» Input data

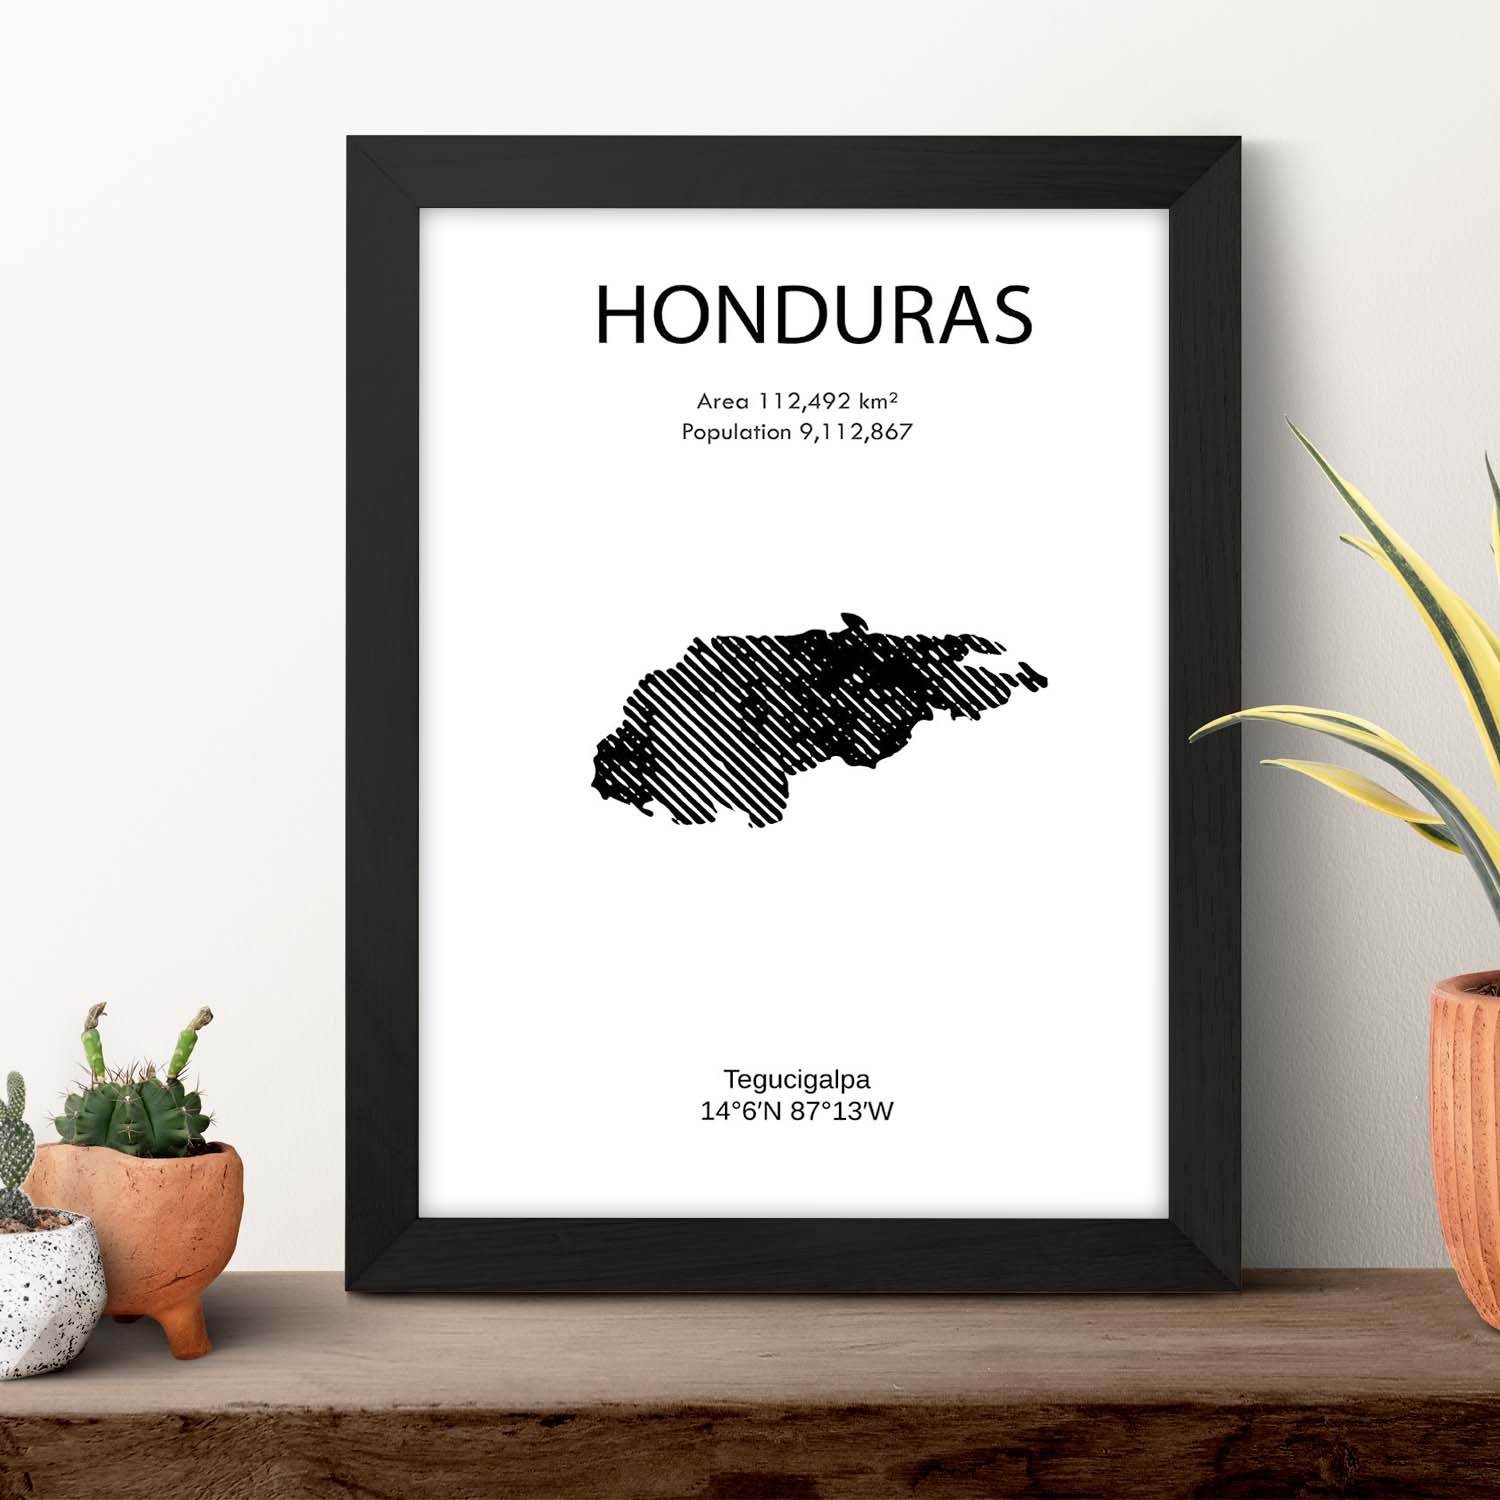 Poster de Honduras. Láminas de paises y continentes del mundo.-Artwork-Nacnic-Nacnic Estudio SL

--

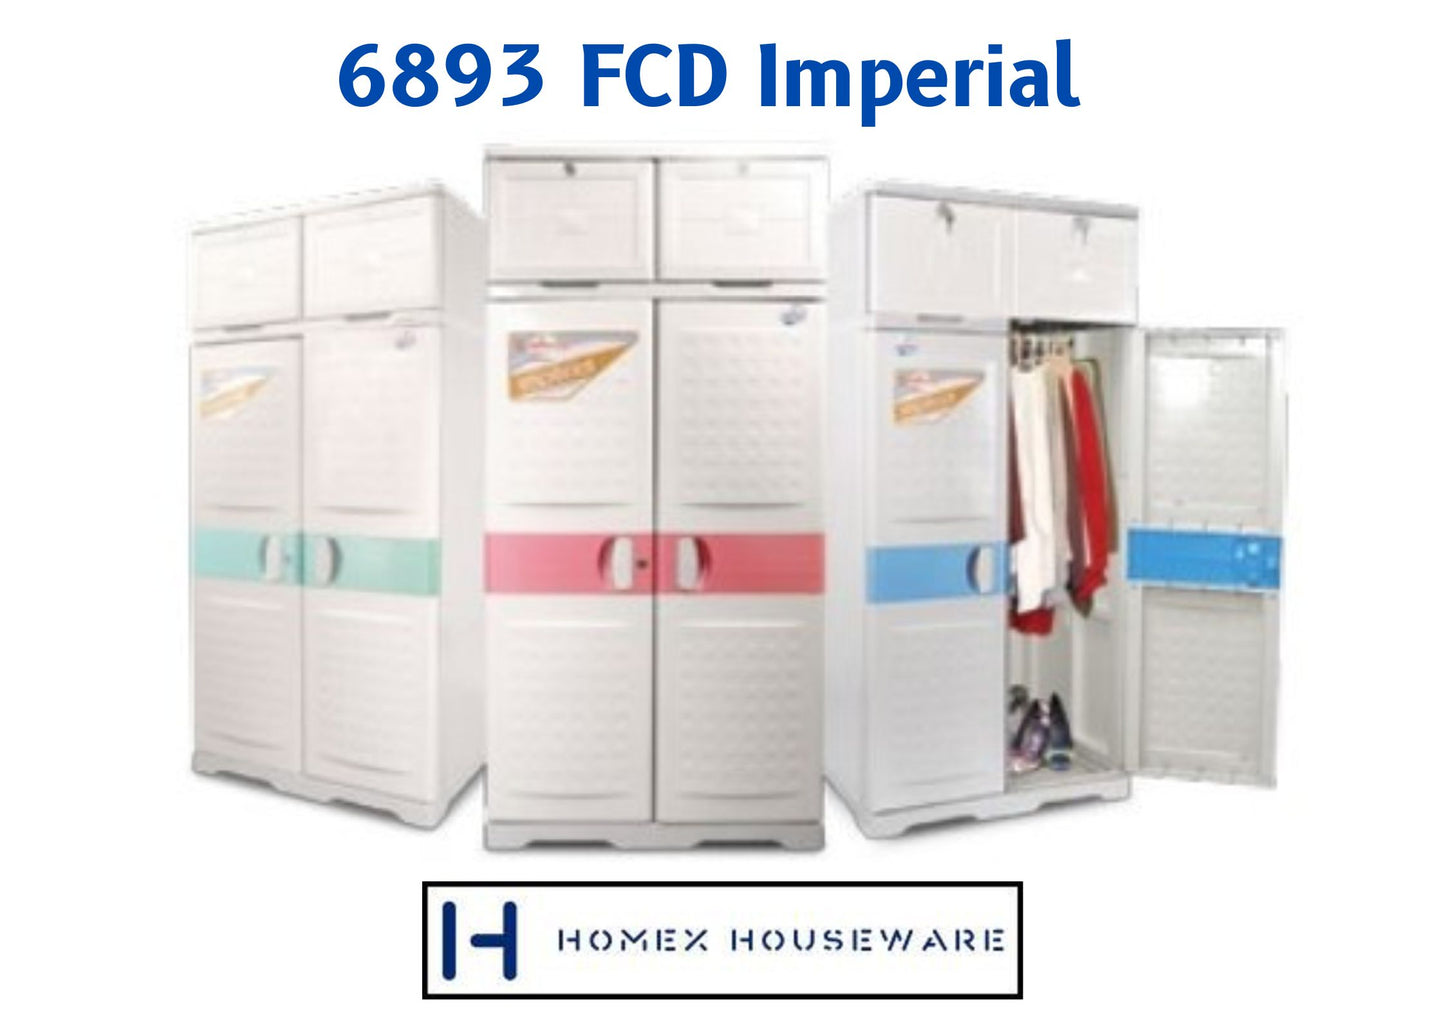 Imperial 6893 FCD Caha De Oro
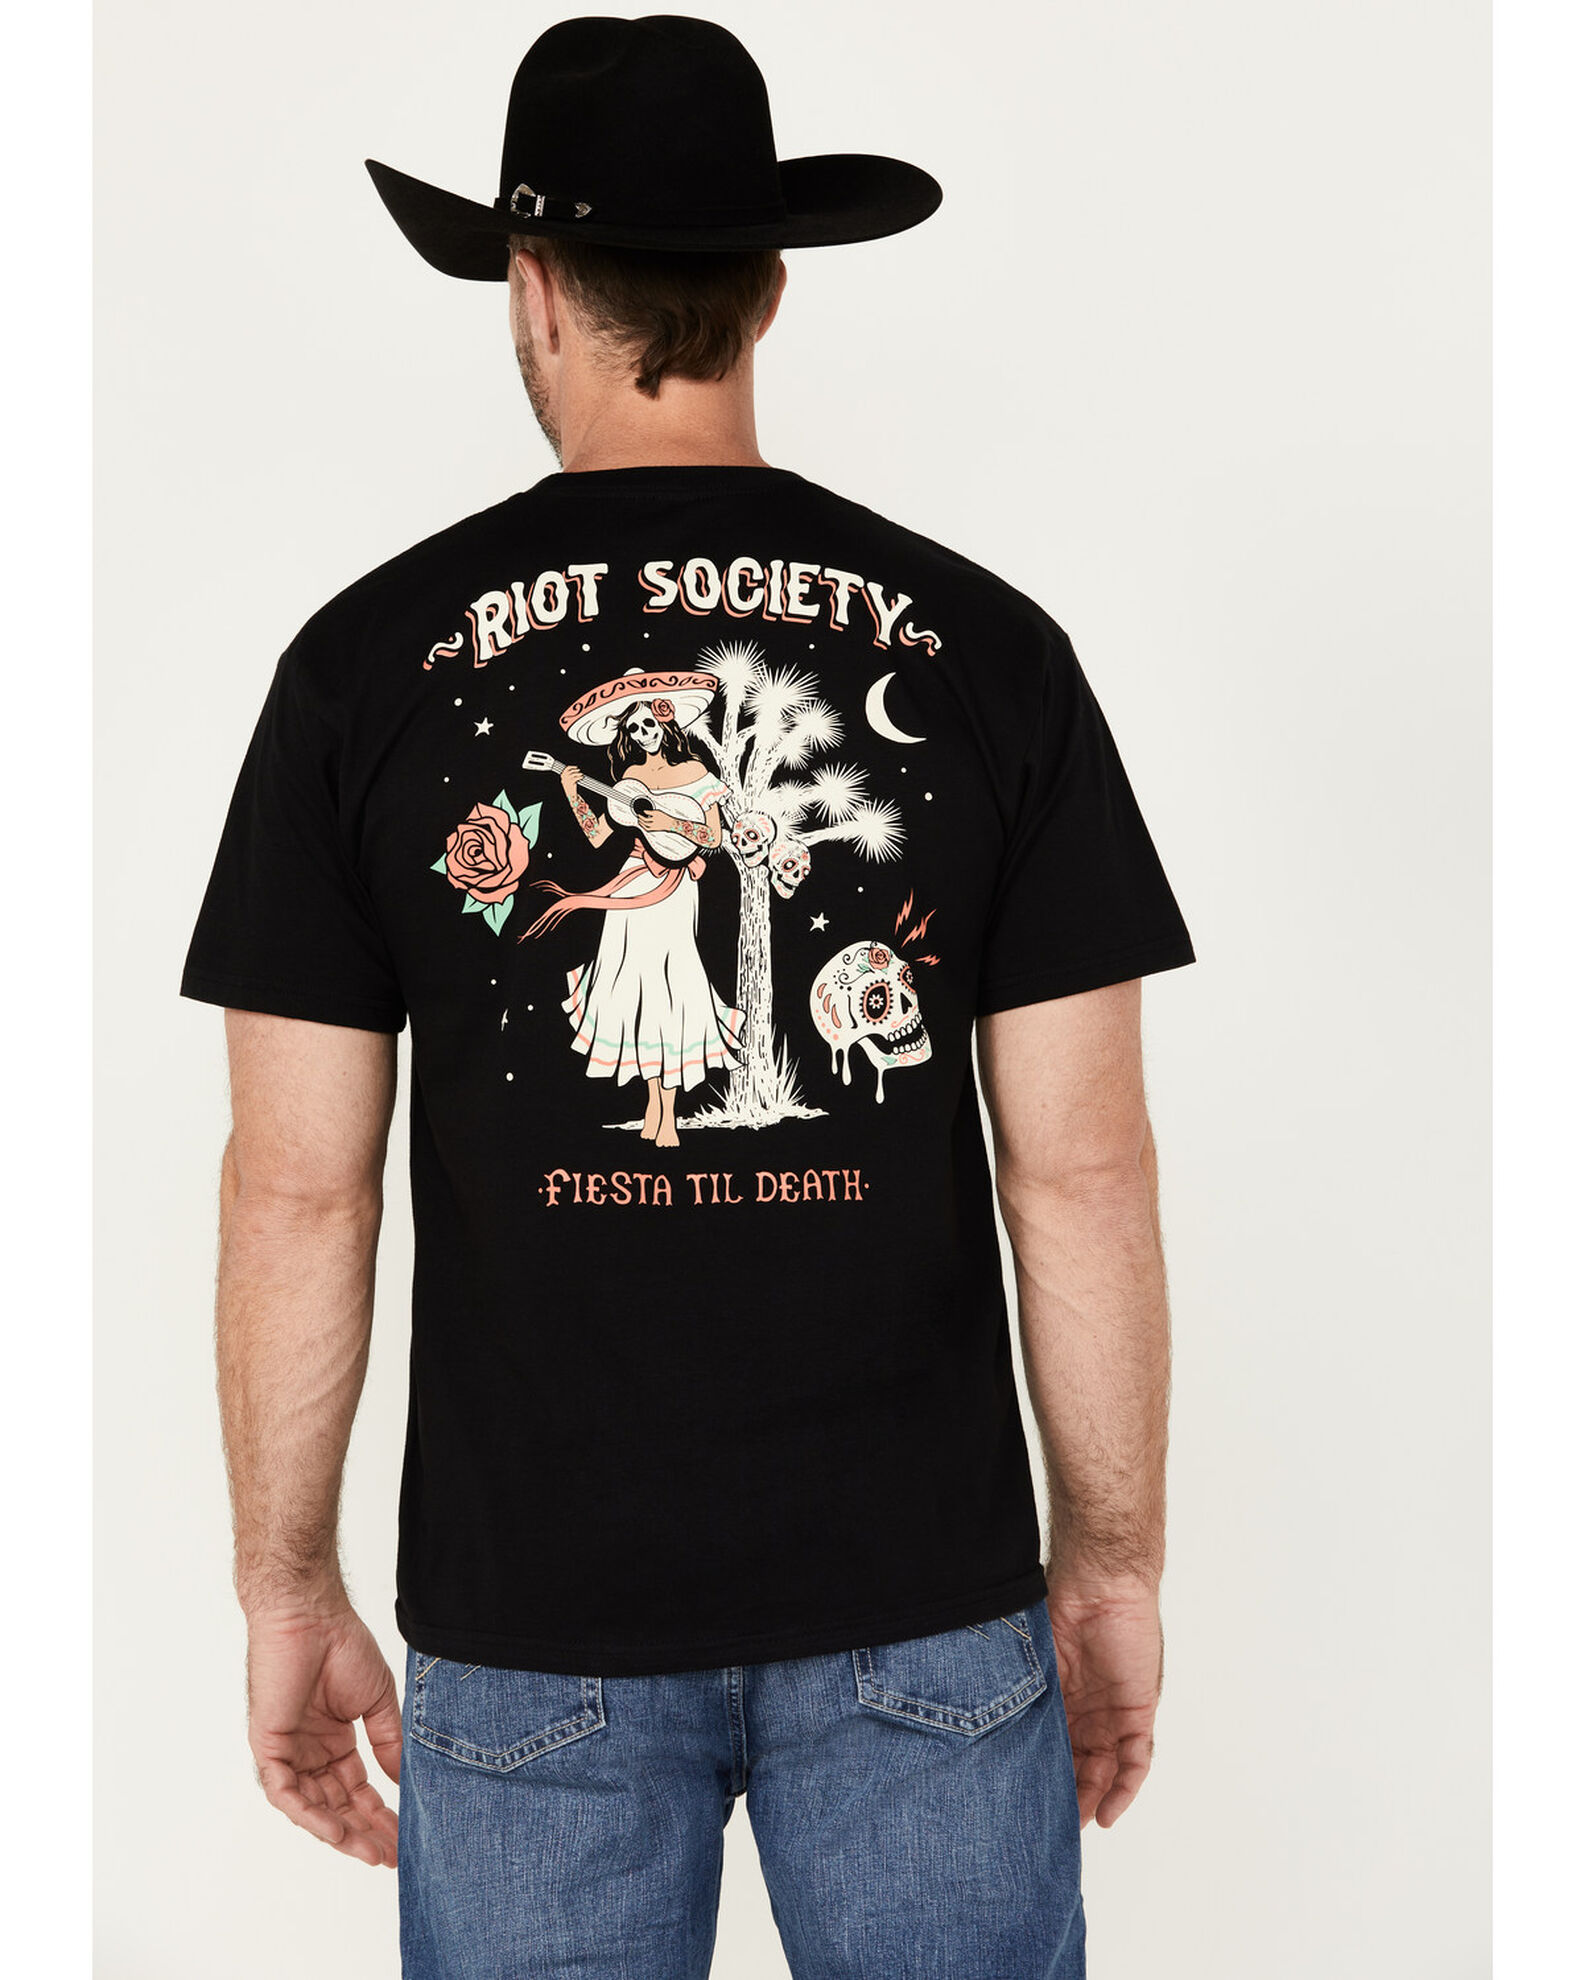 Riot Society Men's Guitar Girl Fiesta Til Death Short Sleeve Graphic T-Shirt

--

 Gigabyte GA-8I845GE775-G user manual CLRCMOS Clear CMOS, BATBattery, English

» Work task
Beginning with the line above that contains "Imperial 6893 FCD Caha De Oro" and ending with the line that contains "Riot Society Men's", quote each line exactly, keeping out the pictures.

» Solution
 Imperial 6893 FCD Caha De Oro
 Riot Society Men's Guitar Girl Fiesta Til Death Short Sleeve Graphic T-Shirt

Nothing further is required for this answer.